Starbrand And Nightmask #1
STARBRAND AND NIGHTMASK #1
One of the fascinating things about this latest Marvel re-launch has been watching the various storytelling lines take shape. You have the X-Men off in their usual niche, and the Inhumans trying to establish their own franchise, and a couple Avengers books covering the establishment side of the tracks, and a whack of assorted oddities set in Hel or the old west or Weirdworld that seem destined for early cancellation. You know — the usual! What feels fresh is the emergence of an unofficial Marvel “Tweener-verse,” comprised of books like Squirrel Girl, Ms. Marvel, Devil Dinosaur, Nova, and Hellcat, all of which occupy a kind of second-tier-hero space — not because the heroes are second-tier so much as because they are young. In ages past we would have called them sidekicks, or the Teen Titans, but these characters are clearly something different — more deliberately diverse, with a whiff of “all-ages” suitability, and a mission to reach “new” readers (anyone other than older white guys, basically). I like most of these books, but Starbrand and Nightmask … not so much. It checks most of the boxes — young heroes, a school setting, even a cameo from Squirrel Girl — but where those other books have mostly felt the organic product of newish voices, this title feels manufactured, like it exists only for the purpose of filling out this new emerging line, without really having anything to say for itself. For me, the biggest failing was in the characters.
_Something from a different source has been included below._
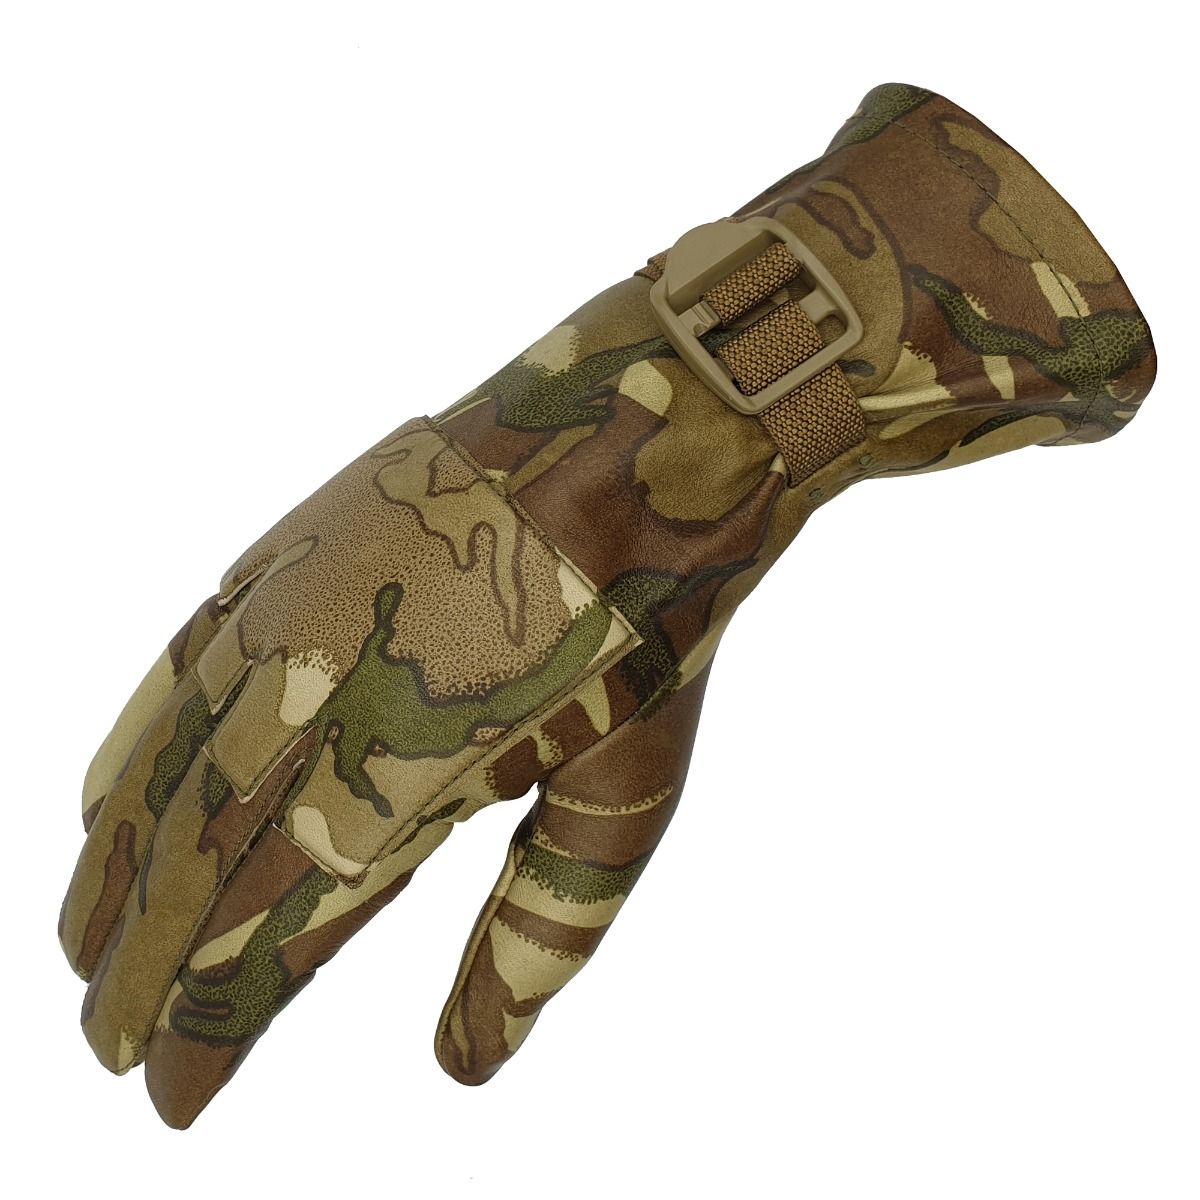 Warm Weather MTP Gloves - Military Gloves - Buy now! |

I came into the book vaguely aware of Starbrand as something at the center of a childish vendetta against Jim Shooter, and Nightmask as something you wear to combat sleep apnea, and I left knowing not much more. Apologies in advance if these guys are your favorite characters, but here they are wet noodles, whistled up out of Young Adult Central Casting to act awkward and out-of-place on the first day of school, but doing precious little to get me onboard aside from some perfunctory superheroics and a throw-away reference to one of the adultish-looking characters actually being only three earth-years old. Even an appearance by my old-fave Nitro (virtually unrecognizable as drawn by Domo Stanton) couldn’t rescue writer Greg Weisman’s tale. Dunno. Maybe I’m just too old.